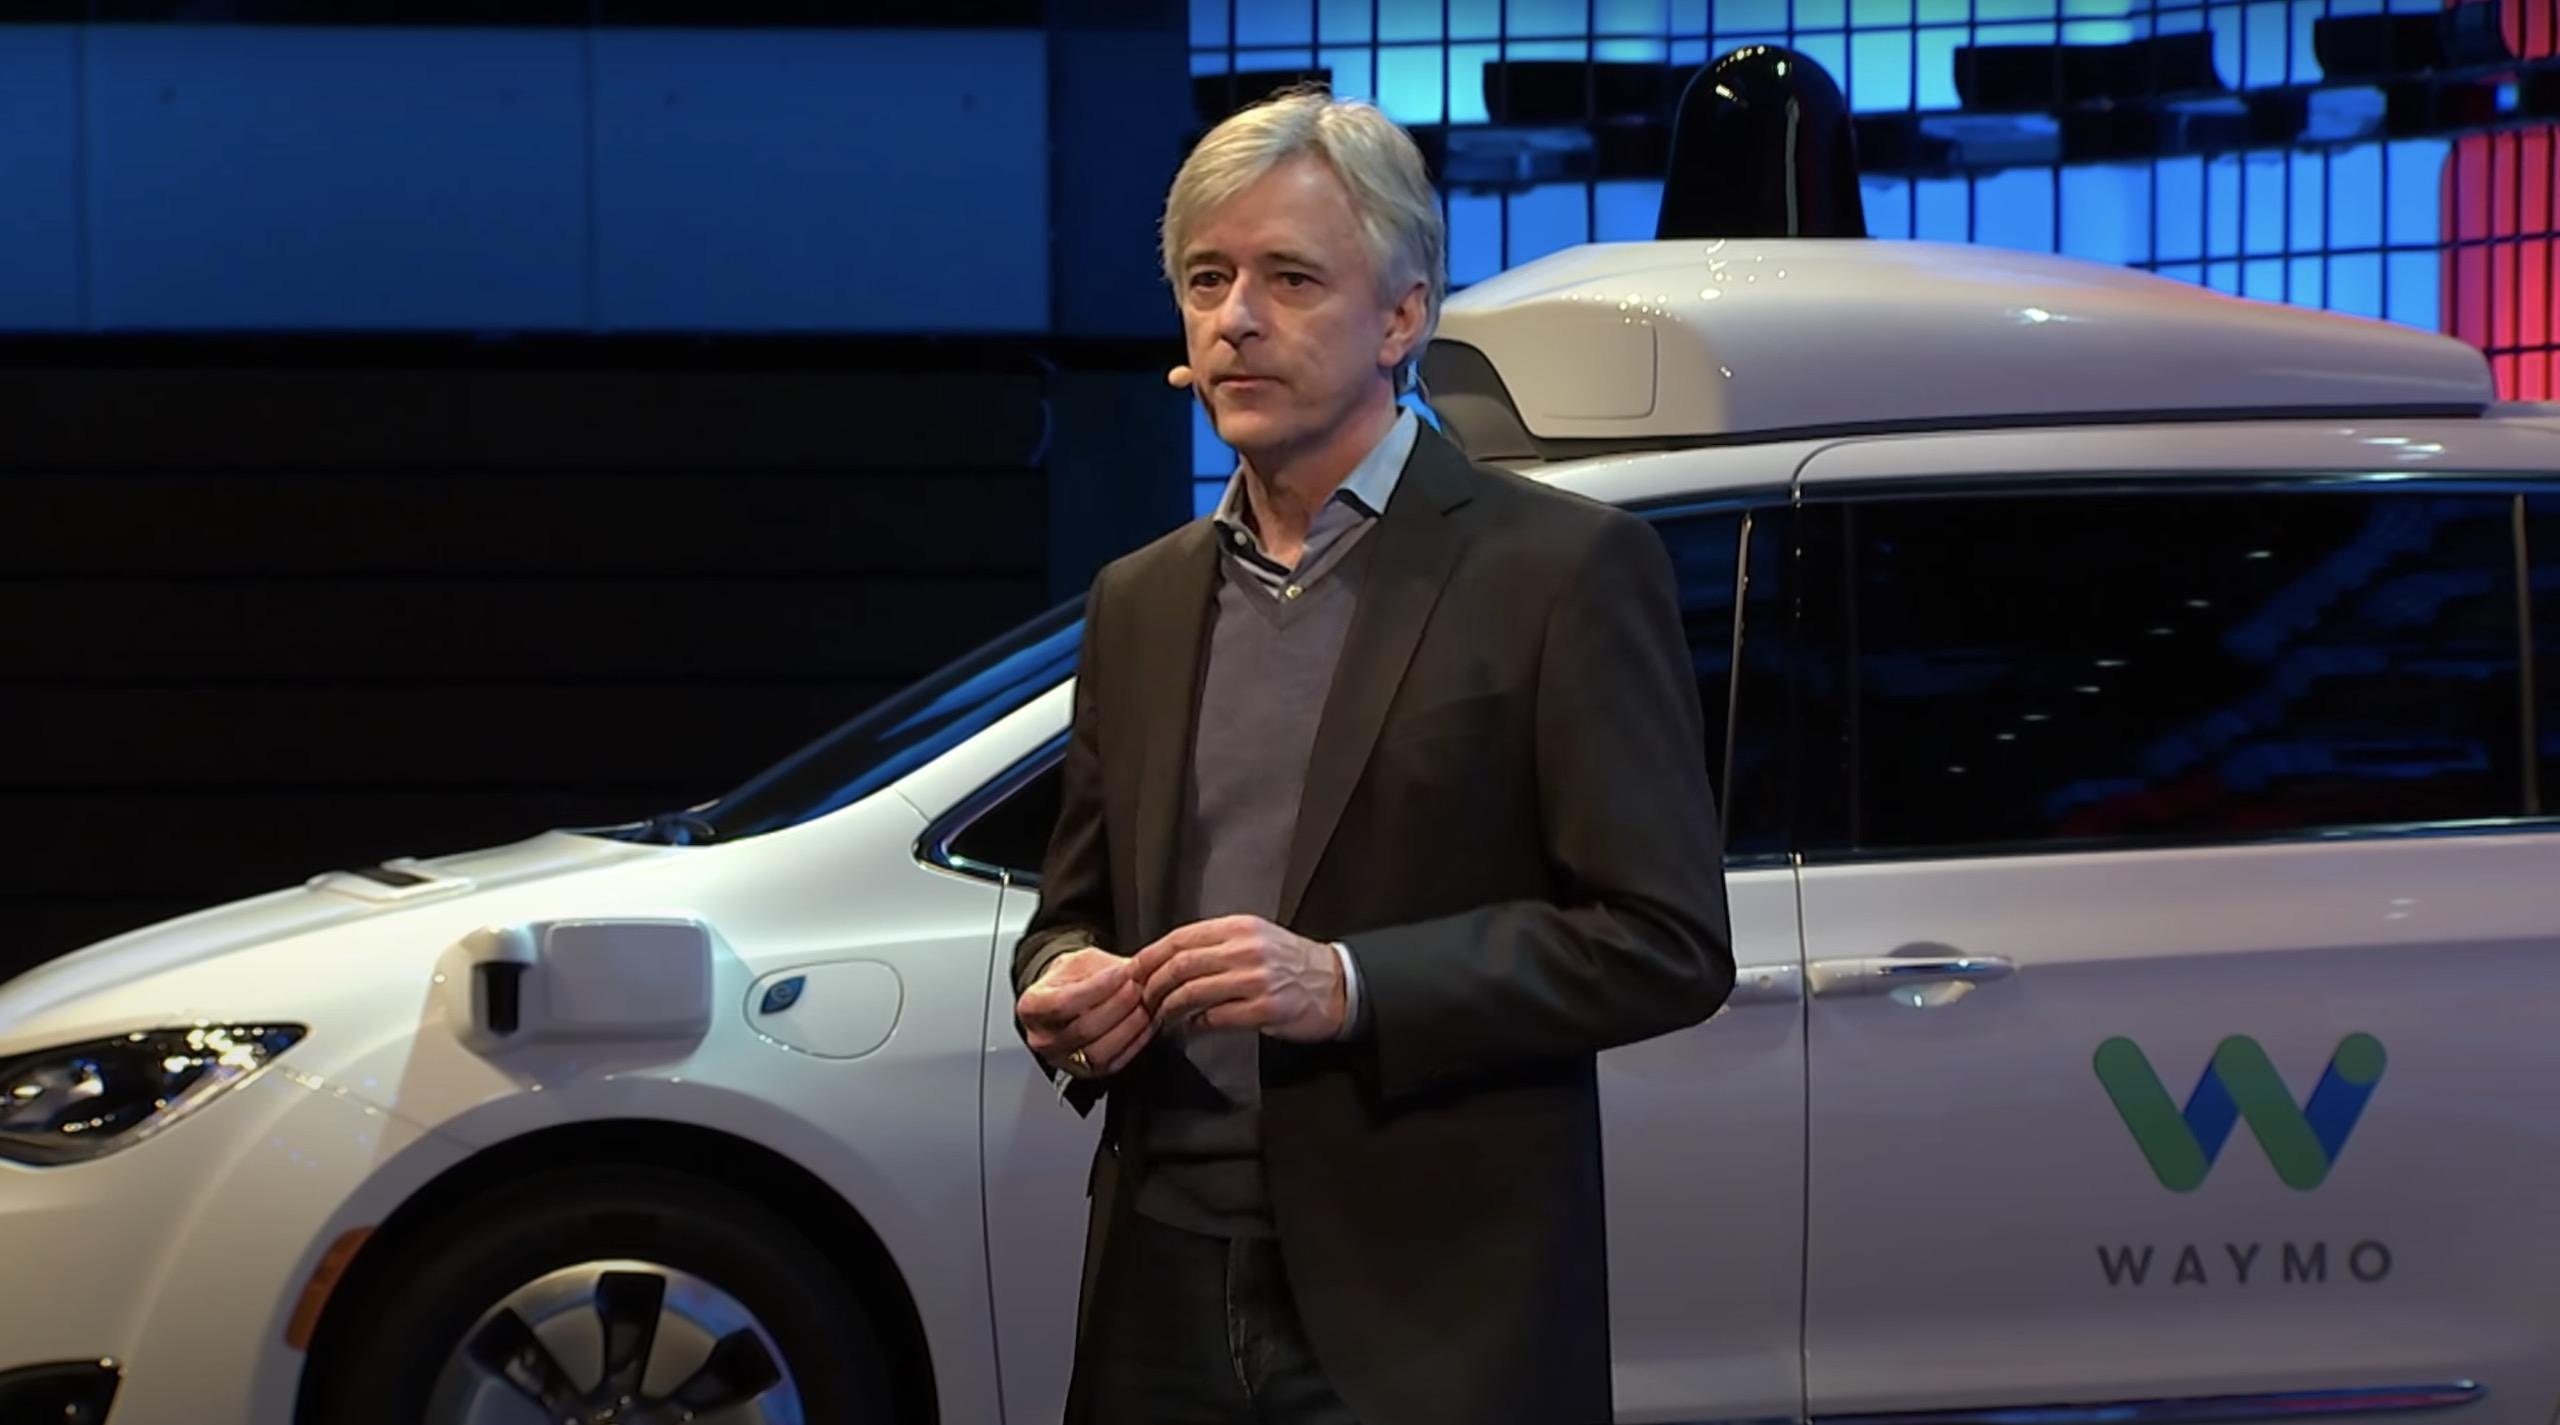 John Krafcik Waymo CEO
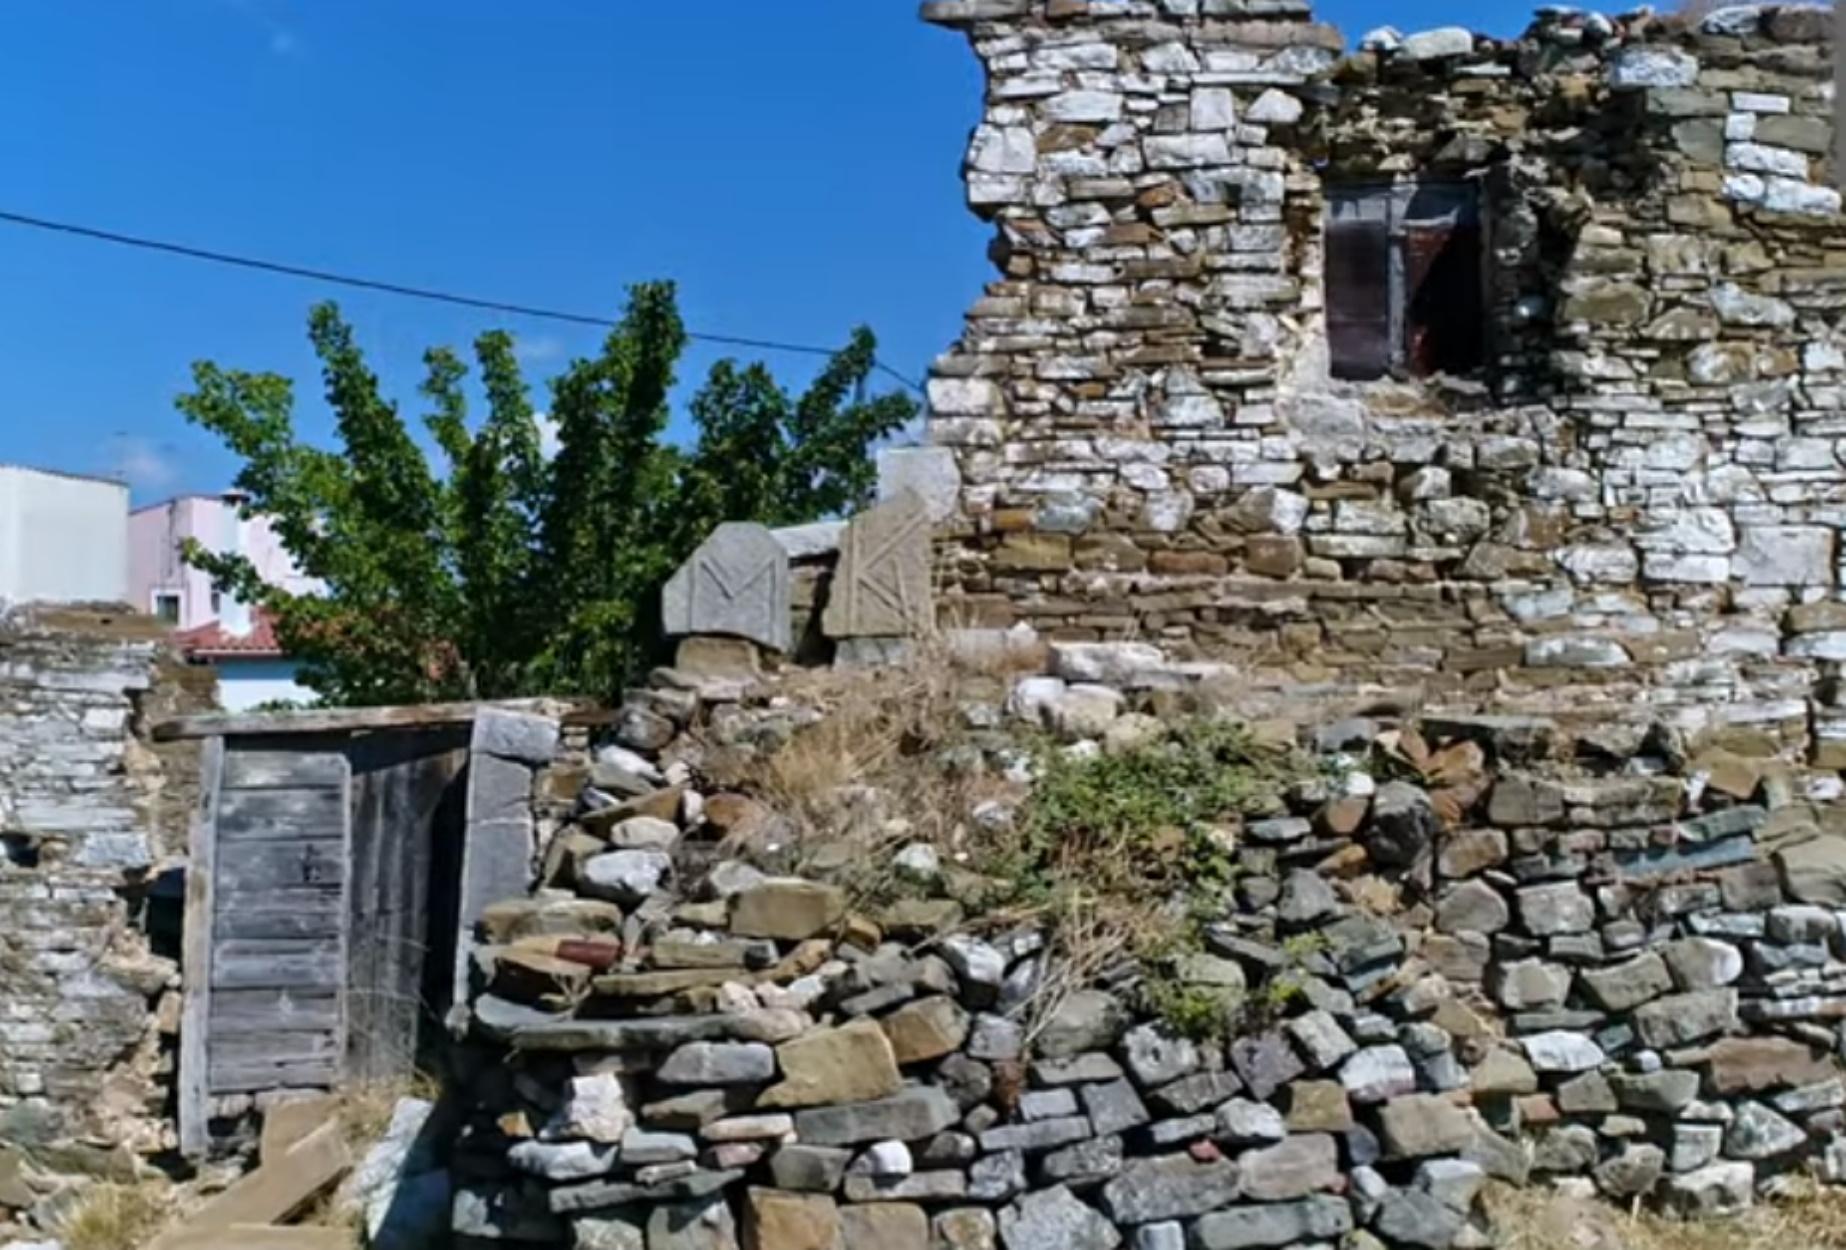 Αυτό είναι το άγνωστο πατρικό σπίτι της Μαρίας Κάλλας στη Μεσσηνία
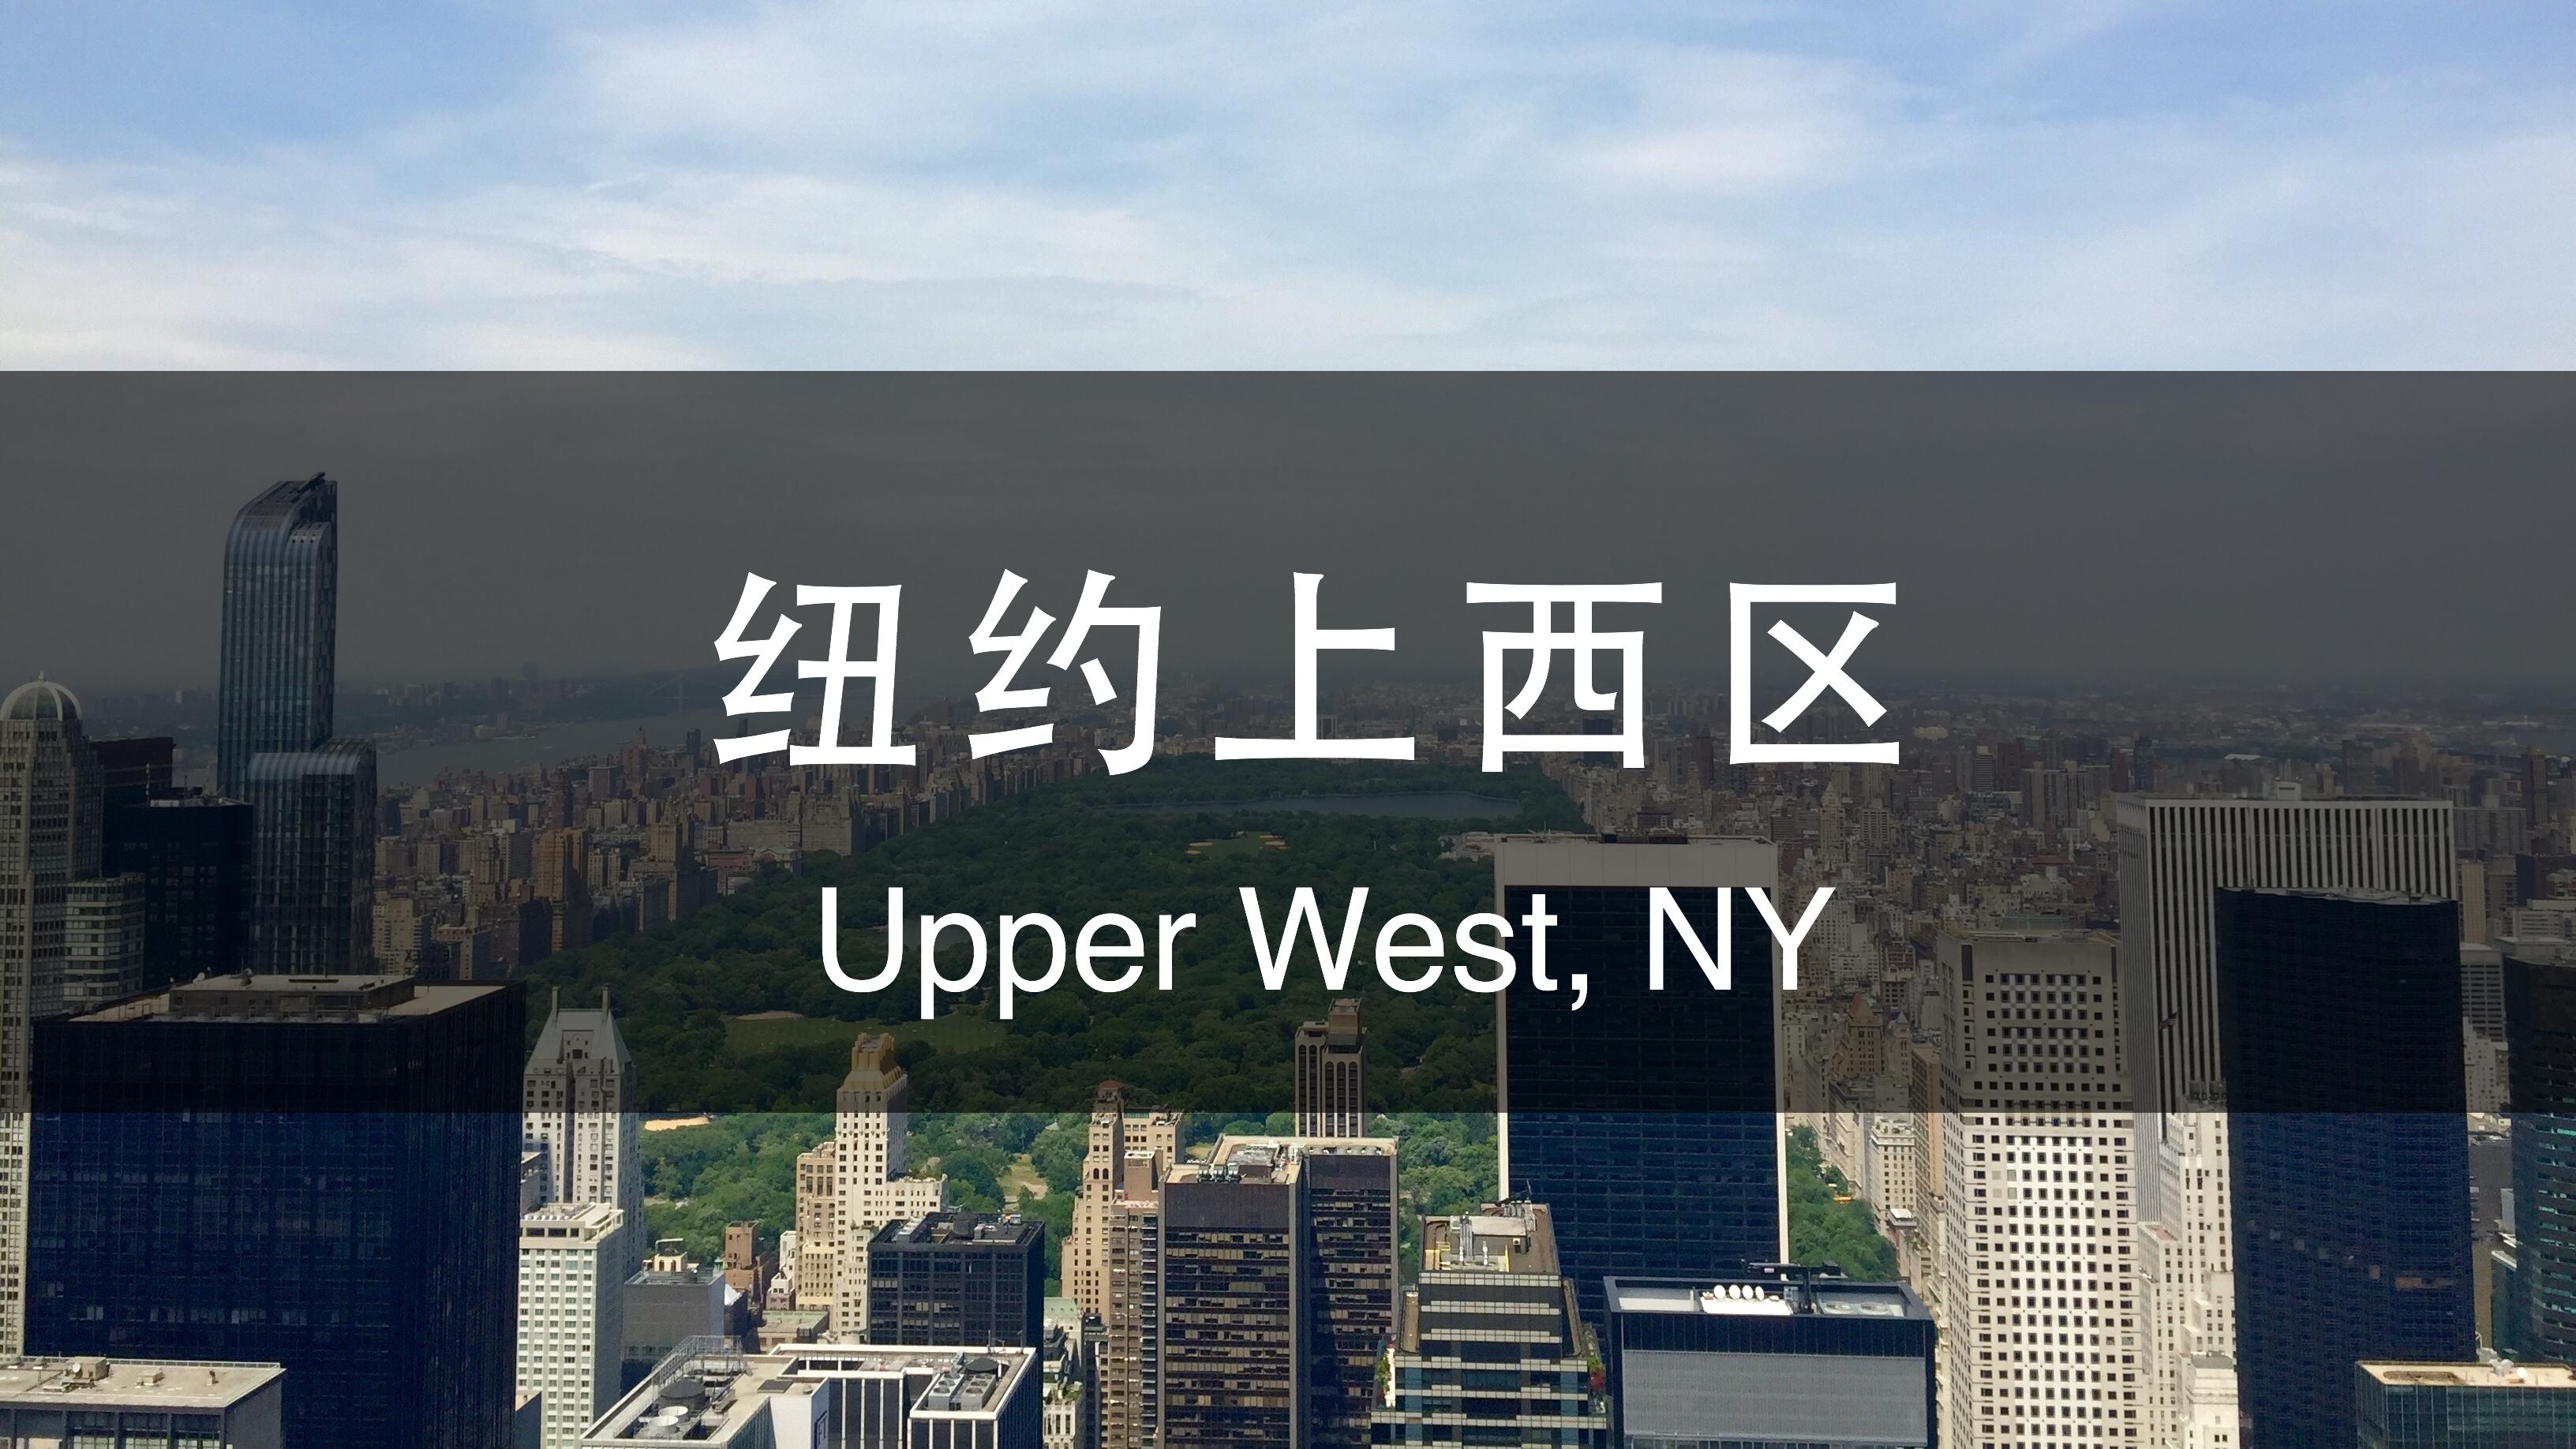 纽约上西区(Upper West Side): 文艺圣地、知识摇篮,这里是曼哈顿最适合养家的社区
******
Give every line above again exactly, omitting whatever pictures appear.

■ TASK RESPONSE
 John Krafcik Waymo CEO
 Αυτό είναι το άγνωστο πατρικό σπίτι της Μαρίας Κάλλας στη Μεσσηνία
 纽约上西区(Upper West Side): 文艺圣地、知识摇篮,这里是曼哈顿最适合养家的社区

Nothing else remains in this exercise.